From 7d3f6756ee7b7574cccab7d387a8d47279e951e1 Mon Sep 17 00:00:00 2001
From: bsatapat <bsatapat@redhat.com>
Date: Tue, 23 Sep 2025 15:45:45 +0530
Subject: [PATCH] Added BYOK documentation

---
 docs/byok_guide.md | 438 +++++++++++++++++++++++++++++++++++++++++++++
 1 file changed, 438 insertions(+)
 create mode 100644 docs/byok_guide.md

diff --git a/docs/byok_guide.md b/docs/byok_guide.md
new file mode 100644
index 00000000..d81b6b6b
--- /dev/null
+++ b/docs/byok_guide.md
@@ -0,0 +1,438 @@
+# BYOK (Bring Your Own Knowledge) Feature Documentation
+
+## Overview
+
+The BYOK (Bring Your Own Knowledge) feature in Lightspeed Core enables users to integrate their own knowledge sources into the AI system through Retrieval-Augmented Generation (RAG) functionality. This feature allows the AI to access and utilize custom knowledge bases to provide more accurate, contextual, and domain-specific responses.
+
+---
+
+## Table of Contents
+
+* [What is BYOK?](#what-is-byok)
+* [How BYOK Works](#how-byok-works)
+* [Prerequisites](#prerequisites)
+* [Configuration Guide](#configuration-guide)

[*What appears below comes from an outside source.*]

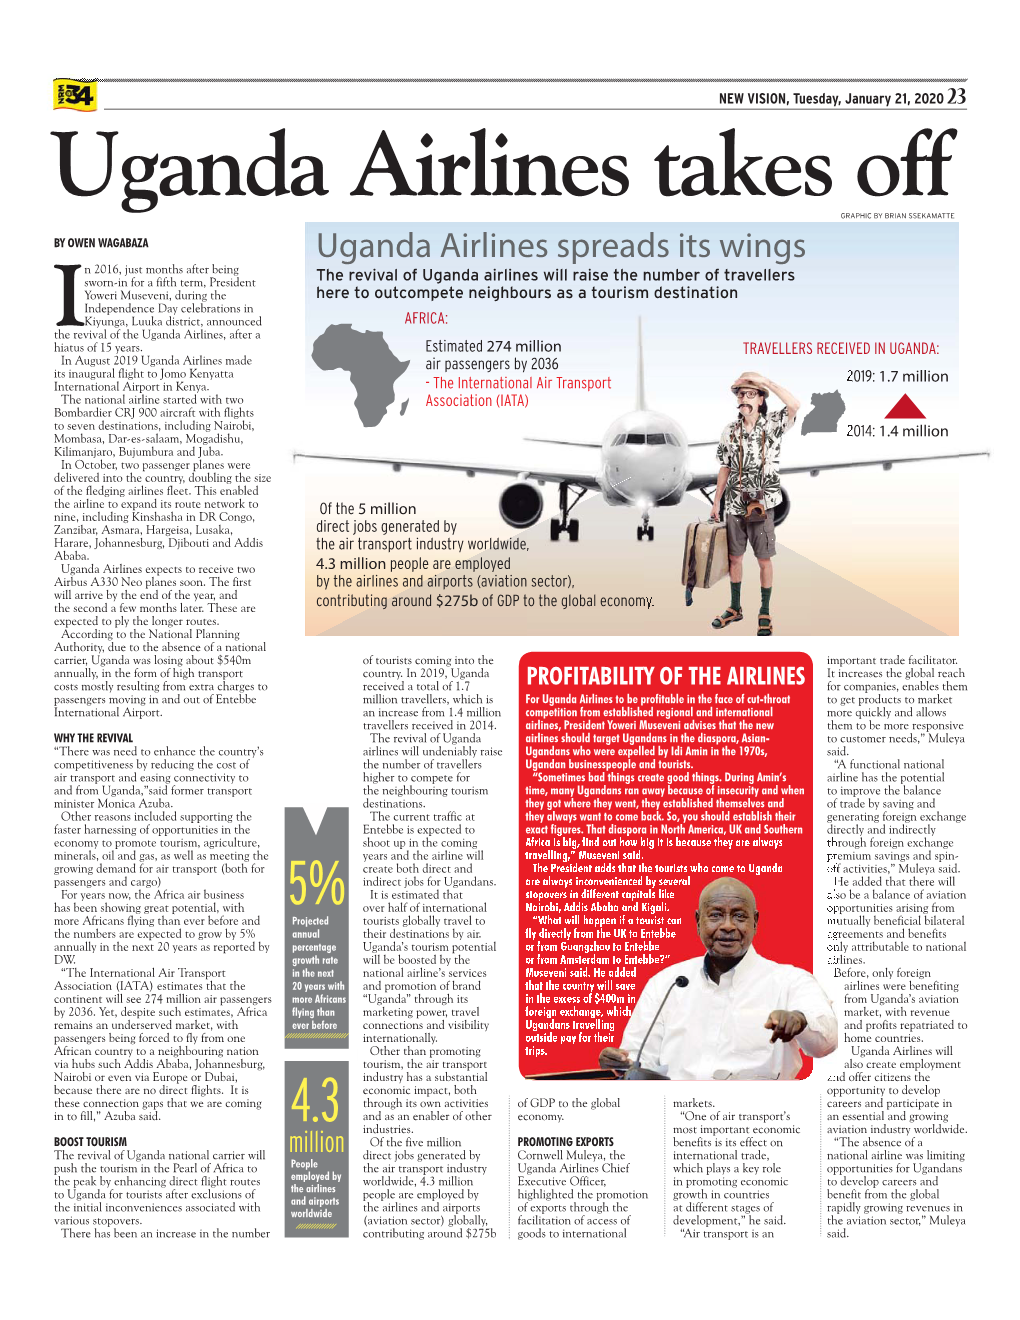 Uganda Airlines.Indd

+  * [Step 1: Prepare Your Knowledge Sources](#step-1-prepare-your-knowledge-sources)
+  * [Step 2: Create Vector Database](#step-2-create-vector-database)
+  * [Step 3: Configure Embedding Model](#step-3-configure-embedding-model)
+  * [Step 4: Configure Llama Stack](#step-4-configure-llama-stack)
+  * [Step 5: Enable RAG Tools](#step-5-enable-rag-tools)
+* [Supported Vector Database Types](#supported-vector-database-types)
+* [Configuration Examples](#configuration-examples)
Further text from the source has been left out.